Numeri
Sospensione e ripartenza
Nel 1972, con la sentenza Furman v. Georgia, la Corte Suprema degli
Stati Uniti sospese tutte le esecuzioni. I giudici non dichiararono illegale
la pena di morte, ma ne proibirono la gestione incoerente e maldestra. Il
voto fu di cinque a quattro: i giudici Douglas, Brennan, Stewart, White e
Marshall scrissero motivazioni individuali a favore della decisione; i giudici
Burger, Blackmun, Powell e Rehnquist scrissero motivazioni individuali a sfavore.

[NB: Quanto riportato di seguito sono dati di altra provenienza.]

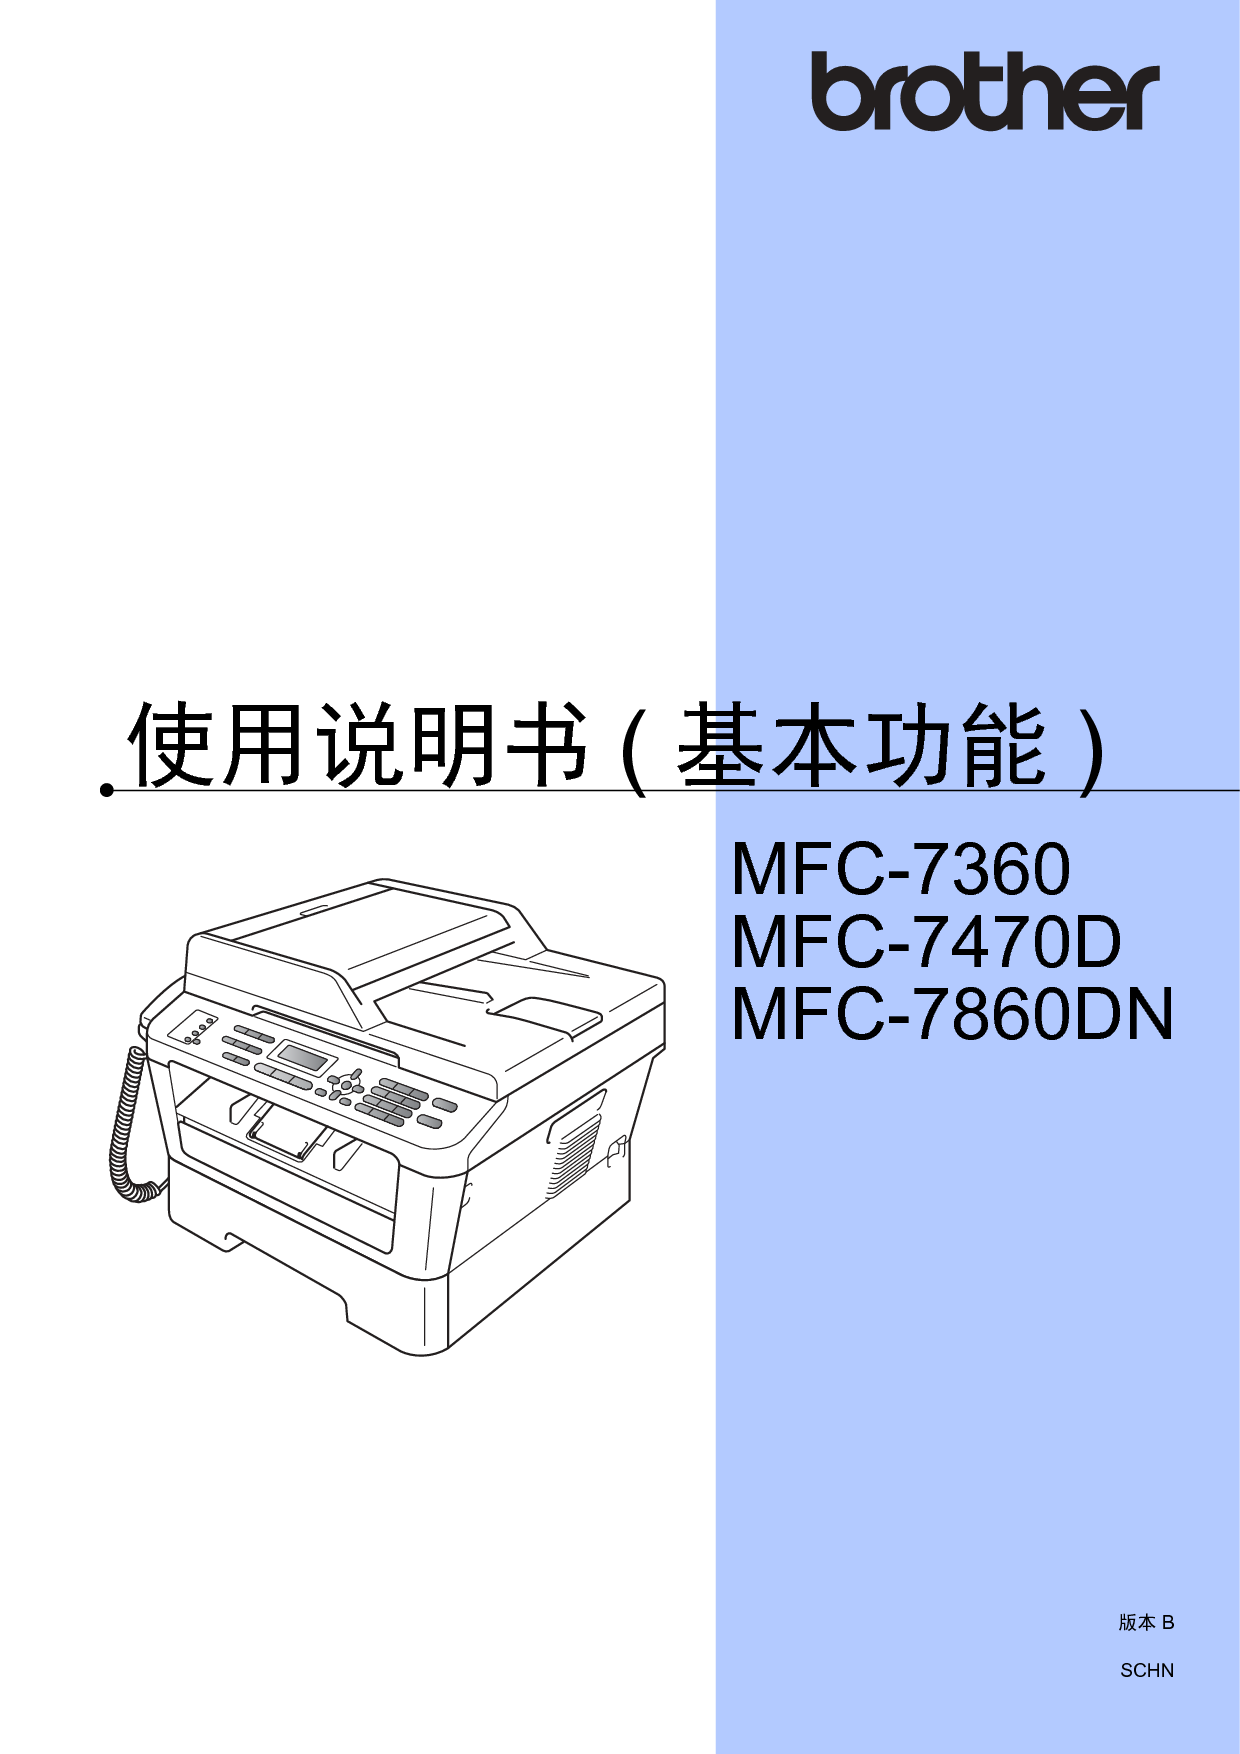 兄弟 Brother MFC-7360 基础使用指南 封面

Diversi stati si misero subito all'opera per adeguare le leggi sulla pena
di morte alle condizioni indicate nella sentenza della Corte Suprema. Per
anni, queste leggi furono messe alla prova nei tribunali. Alcune furono respinte
dai tribunali, al che gli stati le rividero in modo da renderle apparentemente
inattaccabili. A metà degli anni Novanta, un condannato che volesse
sporgere appello doveva farlo o sulla base di nuova lettura creativa della
legge o, più spesso, su qualche perversione della giustizia nella trattazione
del proprio specifico caso. La prima esecuzione successiva alla sentenza Furman
fu quella di Gary Gilmore, un assassino dell'Idaho che rifiutò di fare
appello, impedendo così che la legge sulla pena di morte in Idaho fosse
messa in discussione. Fu fucilato da un plotone d'esecuzione nel 1976. Norman
Mailer scrisse su questo evento una docufiction di mille pagine, The
Executioner's Song, che divenne prima un docudrama televisivo con
Tommy Lee Jones e Rosanna Arquette, poi un film distribuito in Europa. Per
quanto mi è dato di notare, l'unica differenza fra il docudrama
e il film visto in Europa è che nel film mancano le dozzine di spot
pubblicitari che punteggiavano le due puntate dell'originale, mentre è
stata aggiunta una lunga scena di nudo con la Arquette.
La seconda esecuzione post-sentenza Furman fu molto sgradevole e nessun famoso
romanziere si prese il disturbo di scriverci un libro, né ci fu un
docudrama con attori famosi che si spogliavano nella versione europea.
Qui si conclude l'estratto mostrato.